Homomorphic signal processing provides us with techniques that can separate the source and filter to some extent. It does so by processing the signal in the cepstral domain.The word cepstral is derived from cepstrum which in turn is derived by reversing the order of the first four letters of the term spectrum. In the cepstral domain, the signal components are additive, easily allowing for the use of linear filtering techniques
To illustrate the process of computing the cepstrum, consider a speech signal \(s(n)\) produced by exciting a filter \(h(n)\) be \(e(n)\), i.e., $$ s(n)=h(n)*e(n). $$ Let \(S(\omega)\), \(H(\omega)\) and \(E(\omega)\) be the Fourier transforms corresponding to \(s(n)\), \(h(n)\) and \(e(n)\) respectively.

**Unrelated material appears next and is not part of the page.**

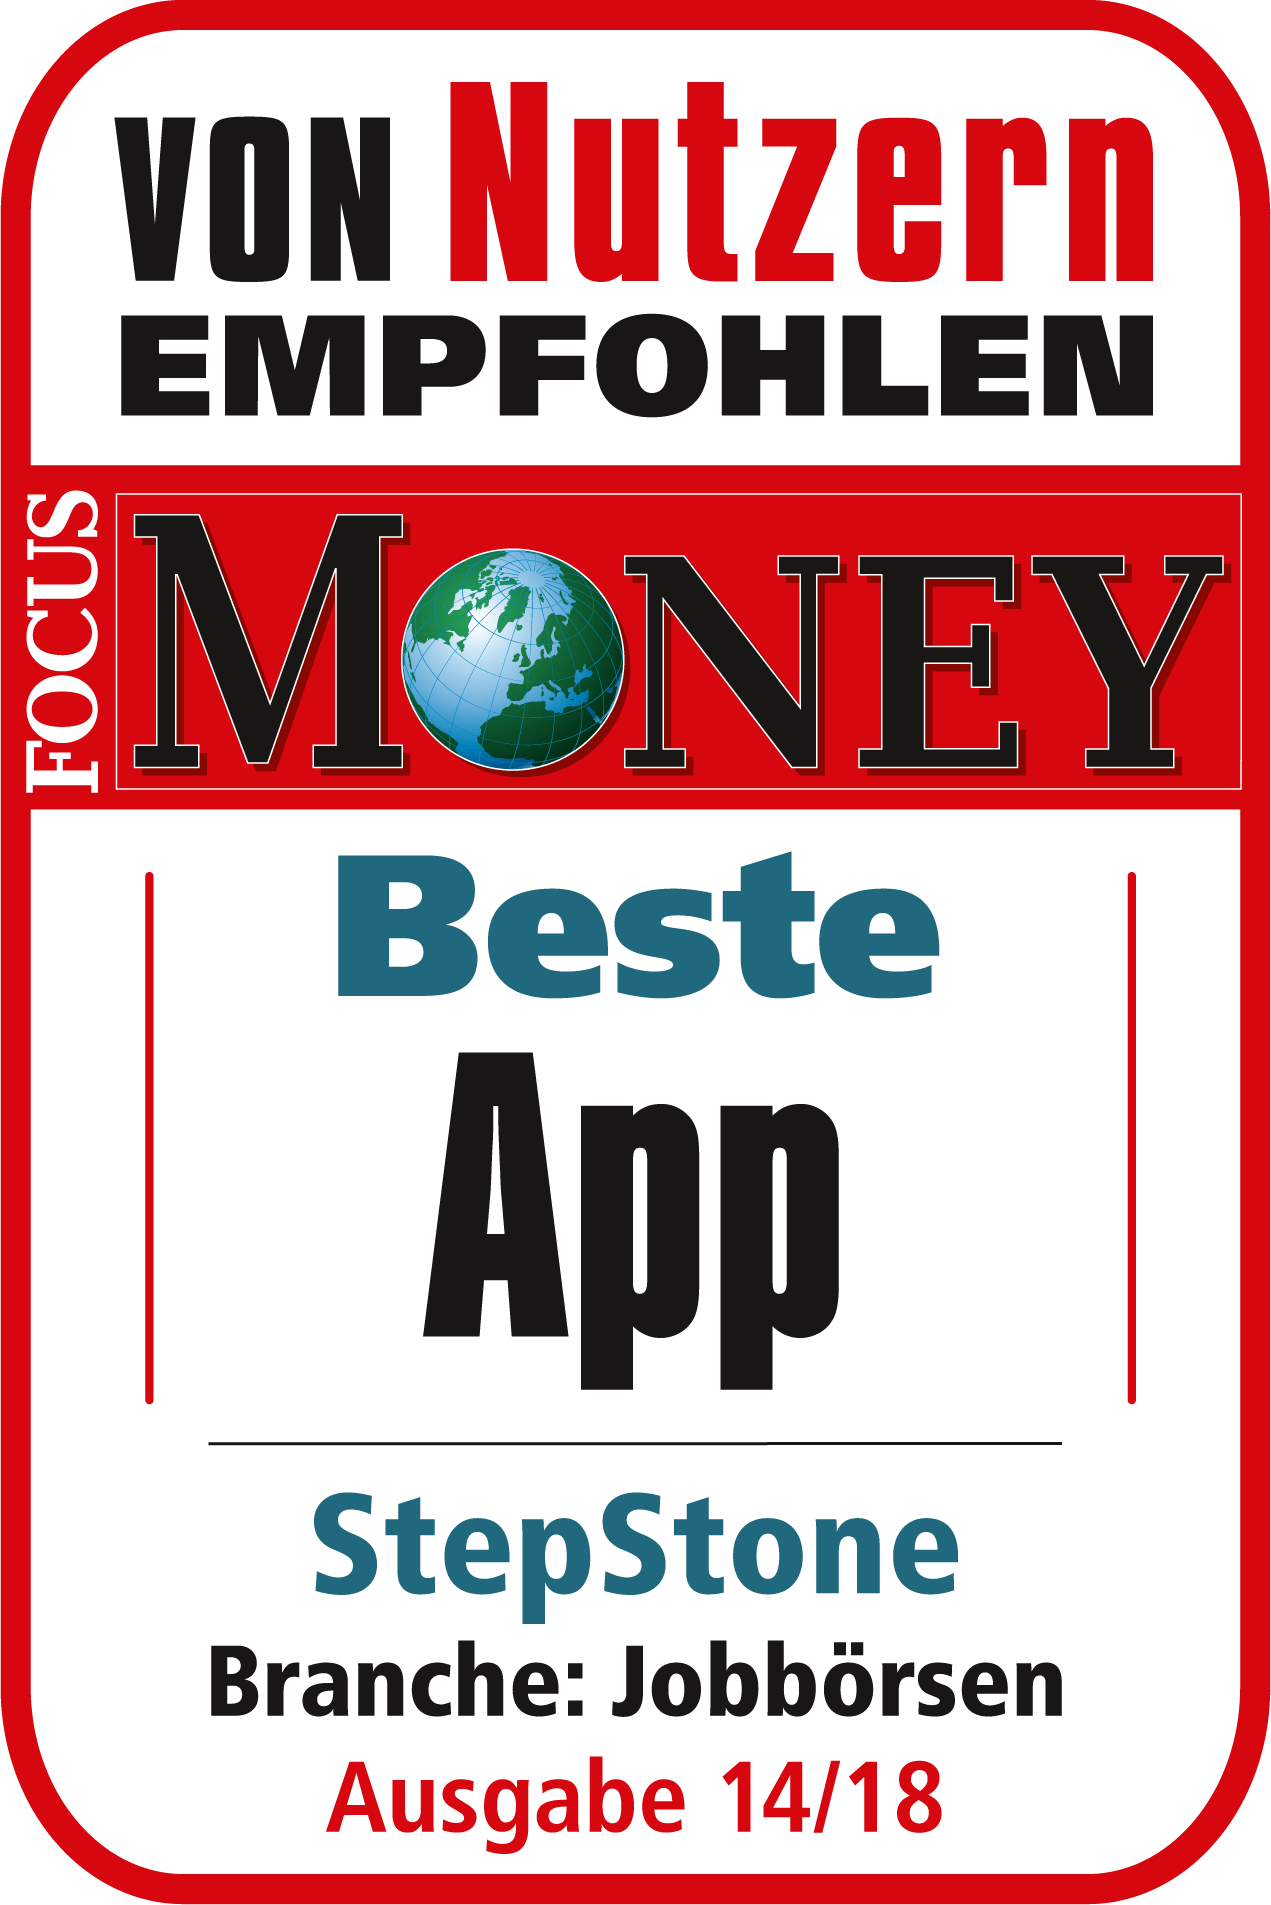 Stepstone ist für die beste App in der Branche Jobbörsen von Focus Money ausgezeichnet worden (Ausgabe 14/18)

Then $$ S(\omega)=H(\omega)E(\omega). $$ By applying the logarithmic operator, the multiplication operation can represented in terms of addition, $$ \log S(\omega) = \log H(\omega) + \log E(\omega) $$ Applying the Fourier transform (or the inverse Fourier transform), we obtain $$ c_S(n)=c_H(n)*c_E(n) $$ where \(c_S(n)\), \(c_H(n)\) and \(c_E(n)\) are the Fourier transforms (or the inverse Fourier transforms) of \(\log S(\omega)\), \(\log H(\omega)\) and \(\log E(\omega)\) respectively and are the corresponding cepstral sequences. The dimension in the cepstrum domain is of time and is referred to as 'quefrency'. Linear filtering techniques can now be applied in the cepstrum domain and the inverse Fourier transform (or the Fourier transform) can be applied to obtain the corresponding spectrum.

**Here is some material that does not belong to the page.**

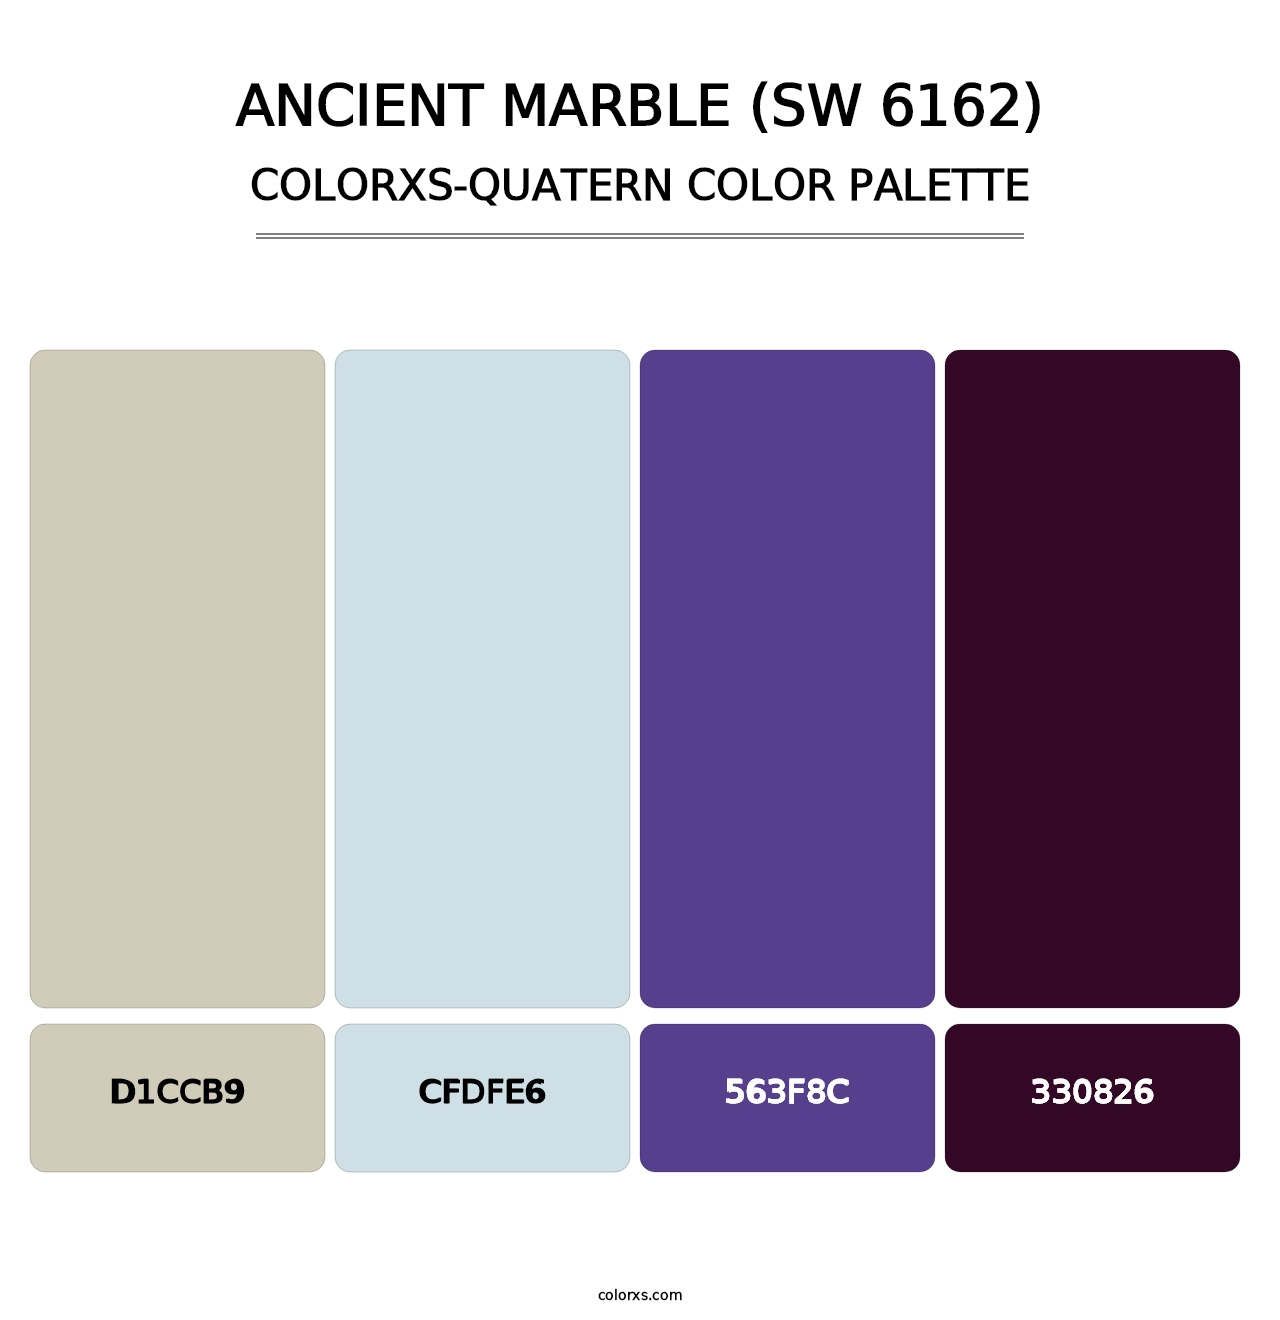 Ancient Marble (SW 6162) - Colorxs Quatern Palette

Since \(\log S(\omega)\) is complex, the computed cepstrum is referred to as the complex cepstrum. Since \(S(\omega)\) is complex, it can be represented as $$ S(\omega)=|S(\omega)|e^{j \theta (\omega)}. $$ Application of the logarithmic operator yields $$ \log S(\omega)=\log |S(\omega)|+j\theta (\omega). $$ The cepstrum can also be computed from the real part of \(\log S(\omega)\) in which case the cepstrum is referred to as the real cepstrum. Considering only the real part, \begin{eqnarray} \mbox{real} \{\log S(\omega)\} & = & \log |S(\omega)|,\\ & = & \log |H(\omega) E(\omega)| \\ & = & \log |H(\omega)| + \log|E(\omega)|. \end{eqnarray}
Application of the Cepstrum to Speech Analysis
Figure 2 shows a segment of voiced speech of duration of 25 ms. Its magnitude log spectrum computed using a 1024-point FFT and the corresponding real cepstrum are shown in Figure 3. The low quefrency regions in the cepstrum is dominated by the filter and the higher quefrency regions are dominated by the excitation source. This can be easily verified by liftering the spectrum (filtering operation in the cepstrum domain). Figure 4 shows the low-quefrency liftered cepstrum and the corresponding spectrum. It can be seen that the spectral characteristics corresponding to the filter (vocal-tract system) can be clearly observed. Similarily Figure 5 shows the high quefrency liftered cepstrum with the corresponding spectrum. The spectrum shows the periodic structure that normally overrides the speech spectrum.
(a) |
(b) |
(a) |
(b) |
(a) |
(b) |
- Study the cepstrum for different regions (voiced/unvoiced/silence) of the speech signal using the examples provided.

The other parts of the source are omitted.